**Task requirements:**
Reproduce exactly the lines below, from the first one through the line containing "We are not sure", and omit any pictures.

**Materials provided:**
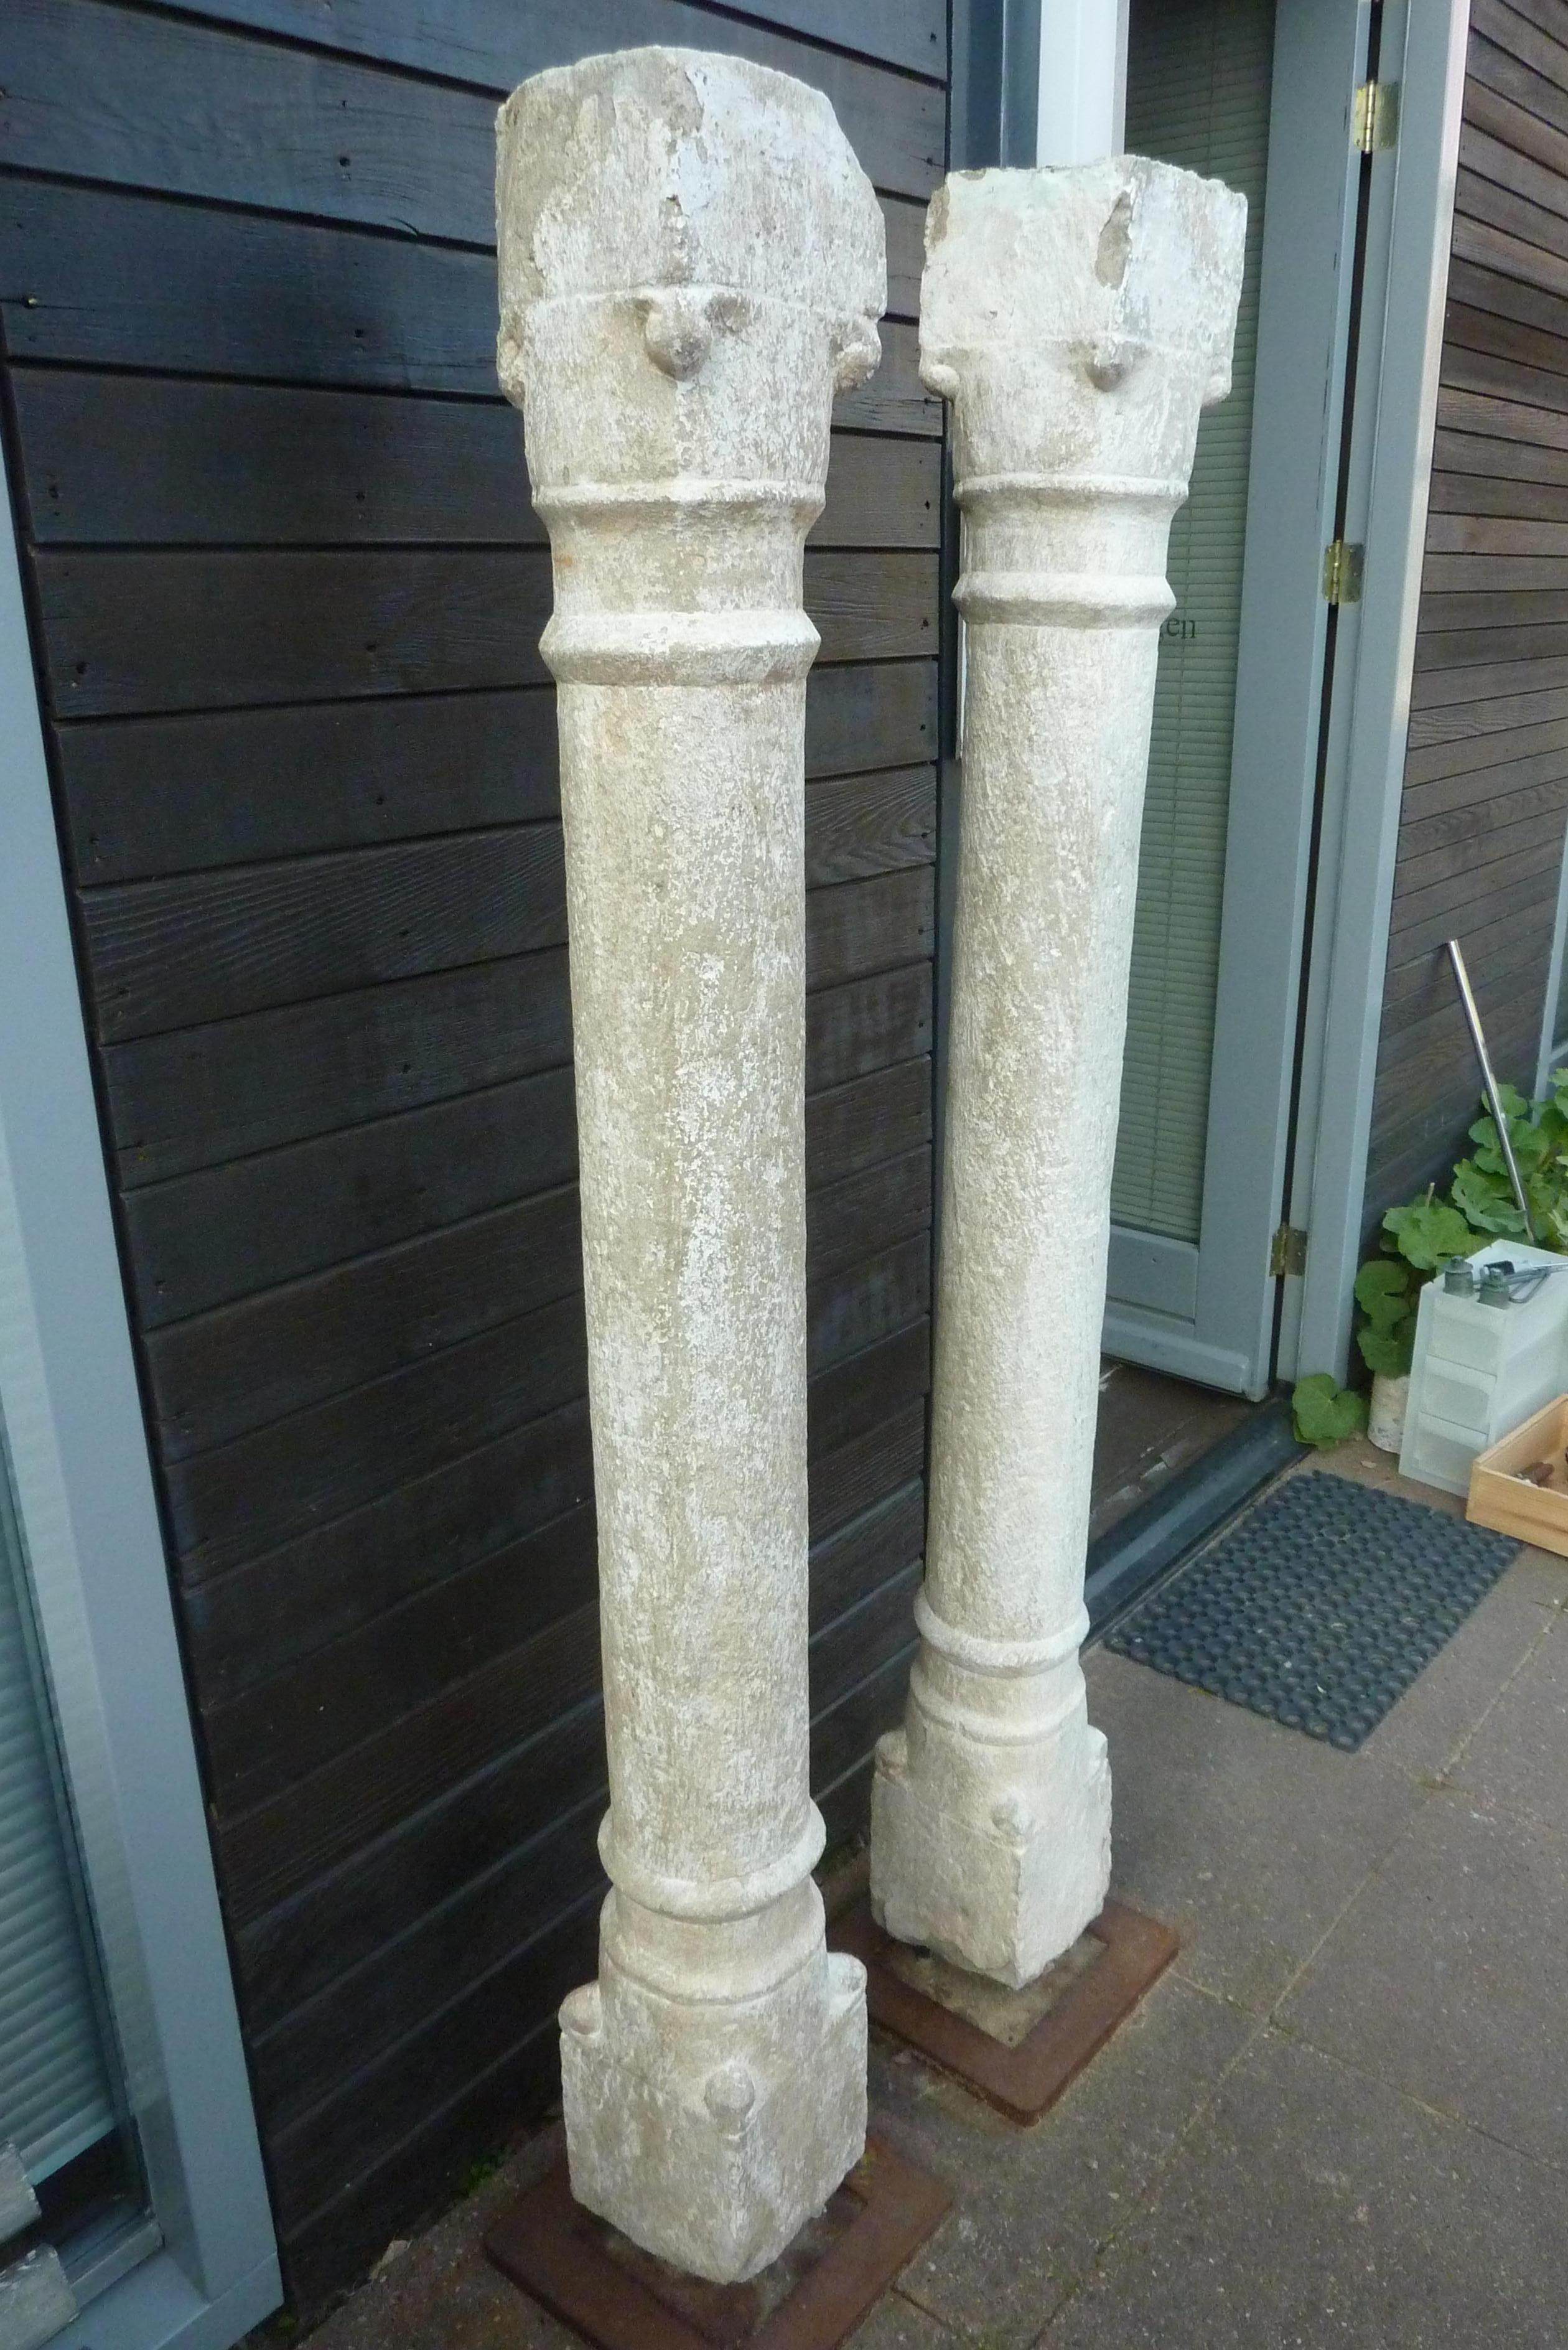 A Pair of Granite Pillars on Stabile Weathering Steel Stands
A pair of pillars origin India, 18-19th century.
They are made out of a very hard stone so we suspect it is more a granite sort.
We are not sure about the age we suspect they are from 18th
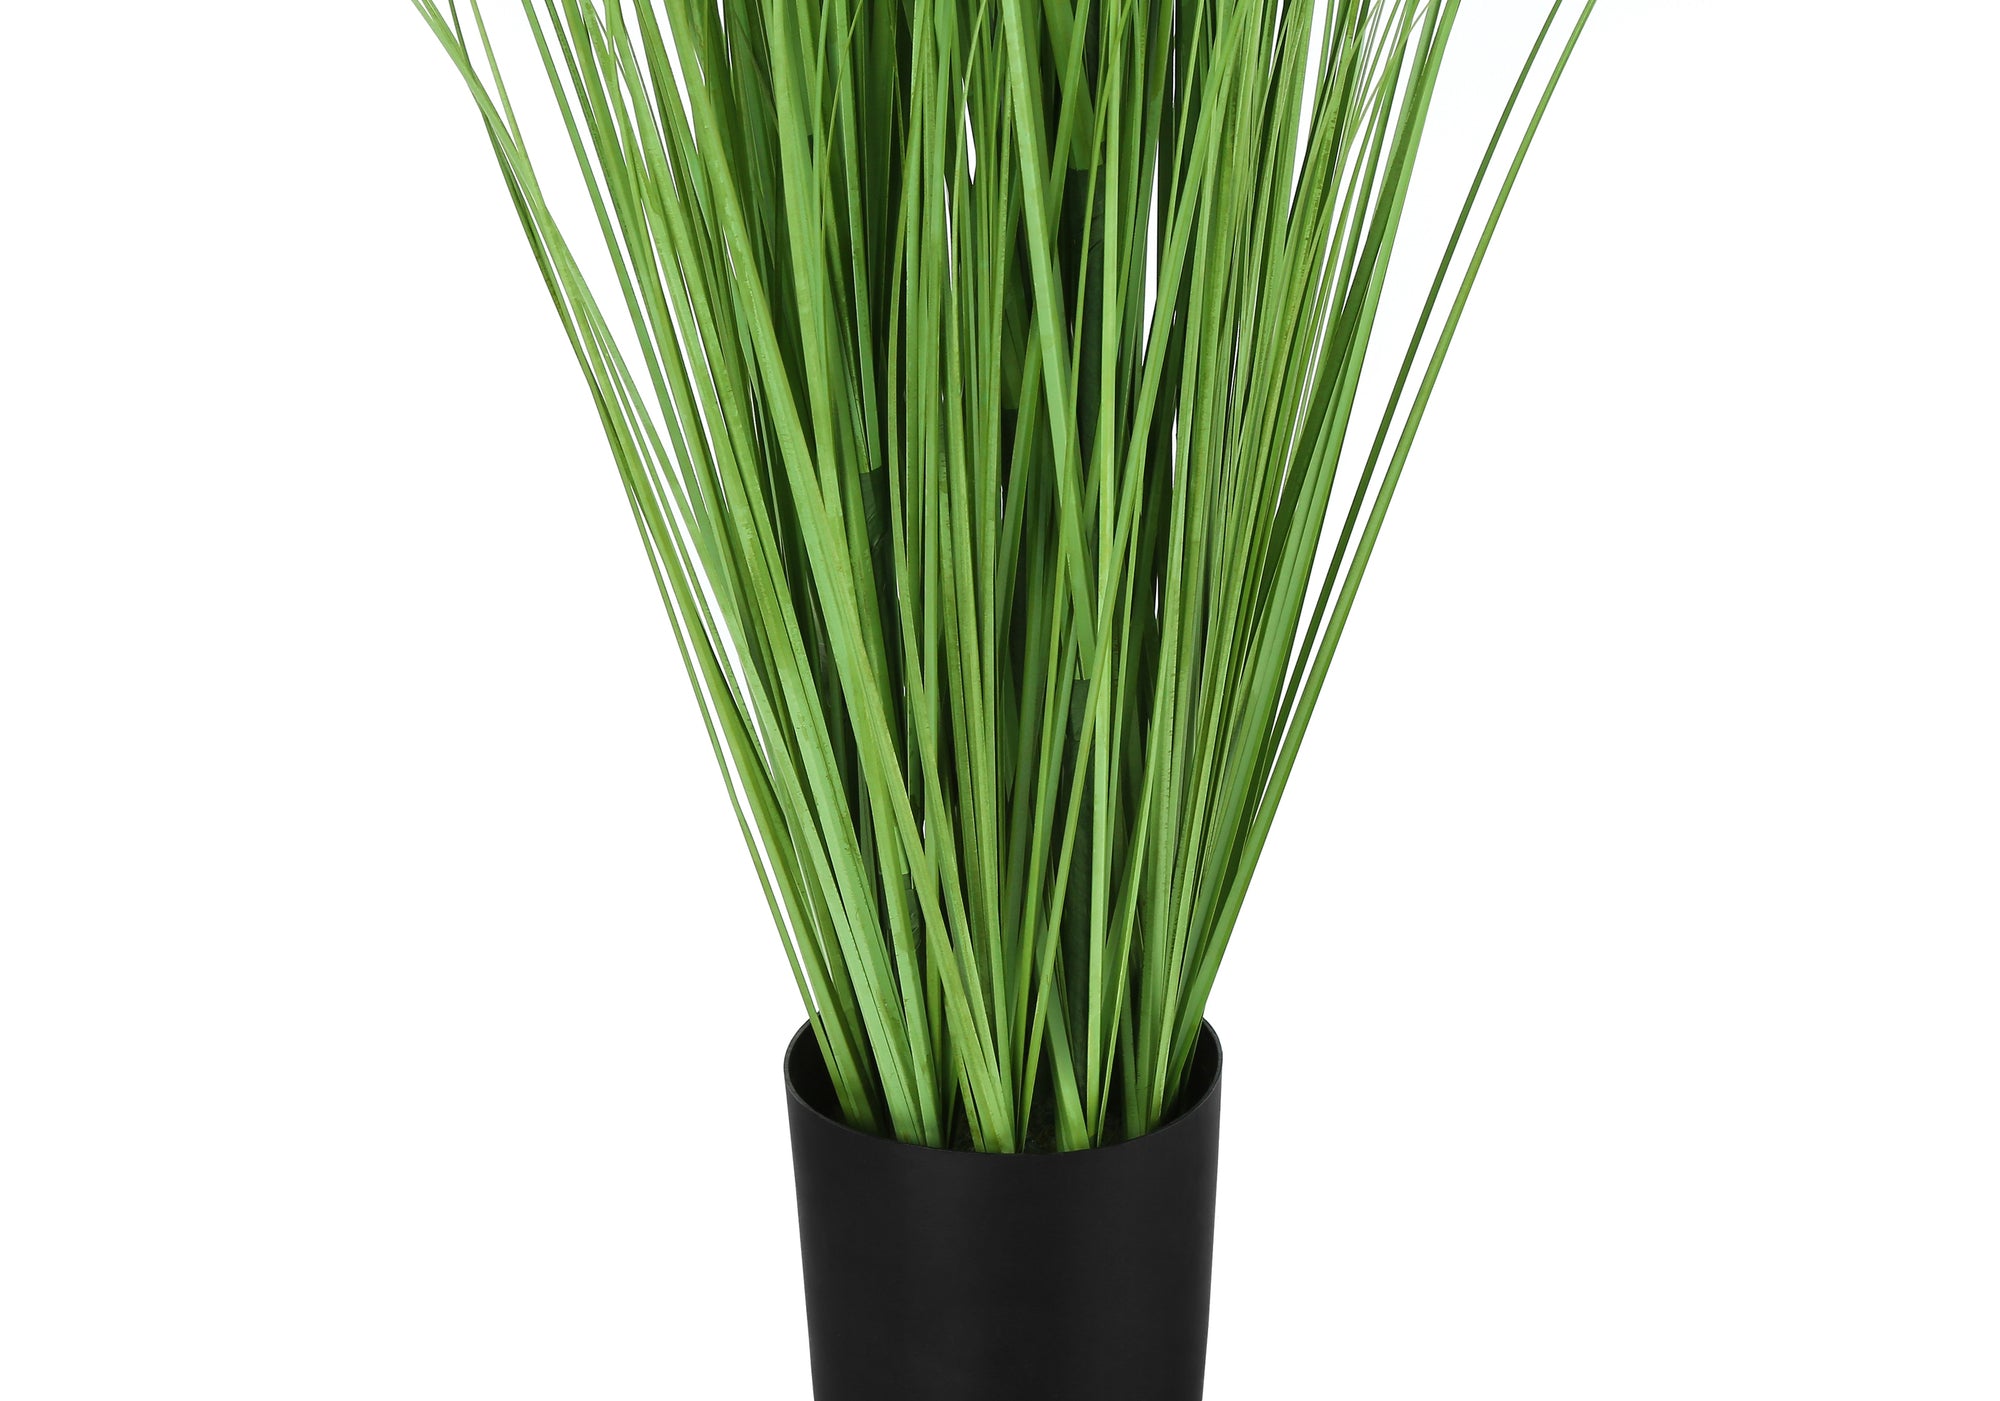 MN-589565    Artificial Plant, 47" Tall, Grass Tree, Indoor, Faux, Fake, Floor, Greenery, Potted, Real Touch, Decorative, Green Grass, Black Pot
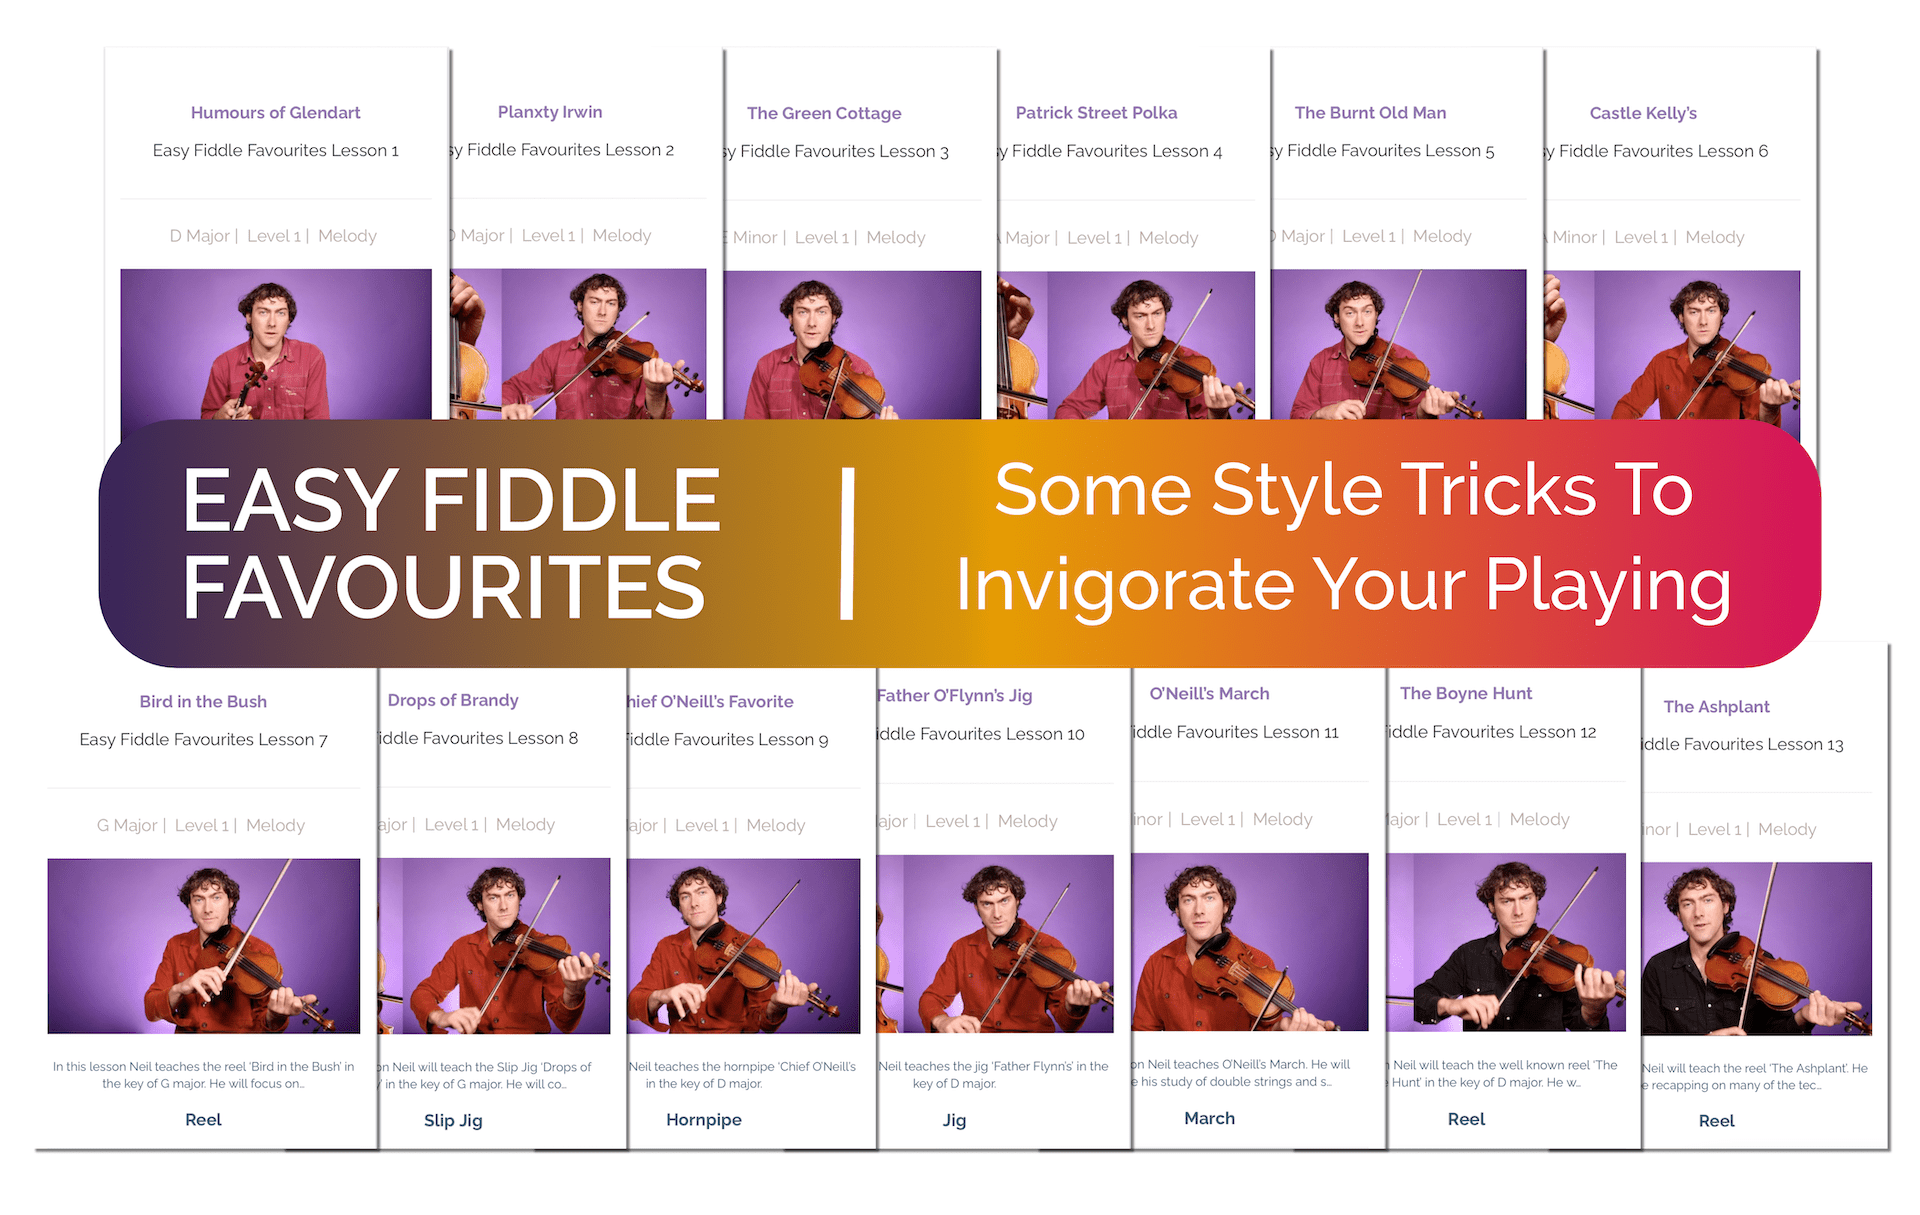 Irish Fiddle lesson images for course Easy Fiddle Favourites

**Exercise output:**
 A Pair of Granite Pillars on Stabile Weathering Steel Stands
A pair of pillars origin India, 18-19th century.
They are made out of a very hard stone so we suspect it is more a granite sort.
We are not sure about the age we suspect they are from 18th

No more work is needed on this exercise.